Fizemos todas essas ações para fortalecer o seu processo educacional. Mas também começamos a gerar outras ações ligadas aos jovens, por exemplo, da área da saúde. Lá trabalhamos os direitos sexuais, reprodutivos e não reprodutivos, vinculados à prevenção da gravidez na adolescência e da gravidez indesejada. Também a identificação precoce de algumas doenças de propensão étnica e a sua formação e formação.

Você está falando da geração de políticas públicas. O que é essa articulação com um Estado hoje ausente? E que outras articulações fazem regionalmente para promover o trabalho de Xango?

Temos vindo a reforçar fortemente a nossa participação a nível local e regional.
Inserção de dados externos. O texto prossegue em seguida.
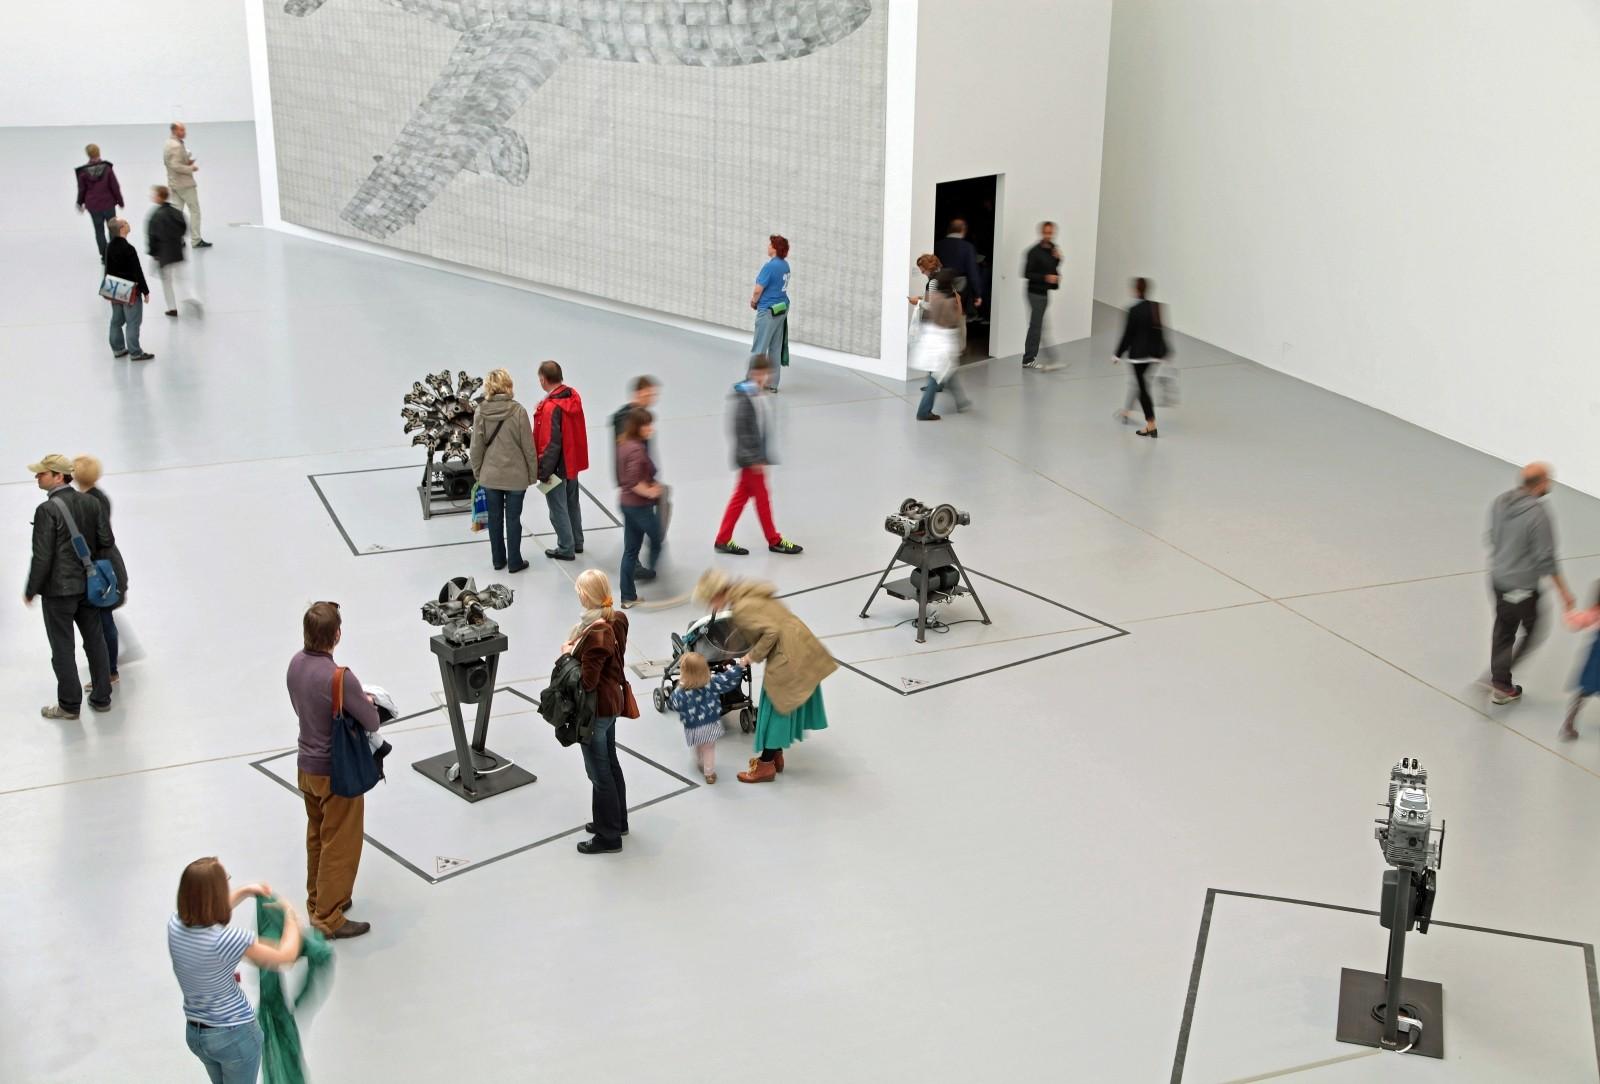 visitatori nei musei

Temos trabalho conjunto com Brasil e Uruguai e no caso da comunidade brasileira temos coordenação específica com a comunidade LGTBI. Com ambos os países a nossa base de trabalho está no apoio e promoção dos direitos humanos e das políticas públicas. No plano internacional também fazemos parte da Libertação Negra Indígena. São espaços fundamentais neste momento difícil que atravessa a Argentina, da mesma forma que a nível local estamos ampliando nossas articulações com os povos indígenas e diversas organizações afro.

Foto: Agrupación Xango


Neste quadro de luta pela igualdade, como a Argentina chega a estes 8N em meio a um avanço da extrema direita na América Latina?

É importante fazer uma revisão histórica para chegar ao presente: Na Argentina desde a sua formação houve um projeto político de branqueamento e um projeto político de aniquilação do que não era branco de origem europeia. Esta ideia começa com a geração dos anos 80 e com o “pai da educação argentina”, Domingo Faustino Sarmiento. A partir daí a ideia de uma educação branca foi promovida e aprofundada. Acontecimentos como a Campanha do Deserto, que procurou aniquilar os povos indígenas do país, fazem parte desse processo. Mais tarde, muitos afros, povos indígenas, morreram nas lutas pela independência ou de febre amarela. Em parte, a ideia de uma Argentina sem afro surge desses acontecimentos. A realidade é que naquela época, meados do século XVIII, em províncias como Santiago del Estero, Córdoba, Tucumán, Santa Fé, 40,50% da população era afro ou indígena. Depois, com a migração europeia passámos a ser 20 ou 30% em algumas províncias. A realidade é que nosso legado é extenso, desde cultura, língua, culinária (Você sabia que as achuras, aquelas que tanto gostamos no churrasco, são um legado afrodescendente, por exemplo?)

A Argentina é então o país mais racista da nossa região?

Não posso dizer “o mais racista”, mas já existe racismo estrutural, sem duvidas. É muito difícil para o argentino reconhecer que é racista. Isto se vê na reprodução da linguagem, dos ditos, das formas. Quantas vezes ouvimos: “Ele é negro de alma” ou “Ele é negro”. Para transformar isso, o papel do Estado, atualmente inviável, é fundamental. Poder ter práticas anti-racistas, uma restauração dos Direitos Humanos e organizações anti-racismo como o INADI, encerrado pela gestão de Javier Milei, é fundamental. Caso contrário, a implementação de campanhas de combate ao racismo torna-se impossível.

Neste contexto, como o movimento afro na Argentina continua a se articular diante de todos esses desafios?

Acredito que nos últimos anos houve um maior reconhecimento da comunidade afrodescendente na Argentina. Desde a figura de María Remedios del Valle e o trabalho de recuperação de sua história e legado como “Mãe da Pátria”, passando pela promulgação da Lei 26.852 da qual fez parte a Agrupación Xango. Historicamente, continuaremos a resistir devido ao sentido de resiliência do nosso movimento, das nossas comunidades e do nosso povo. Vamos continuar lutando e lutando pela igualdade, pela equidade, pela justiça racial e também pela justiça climática.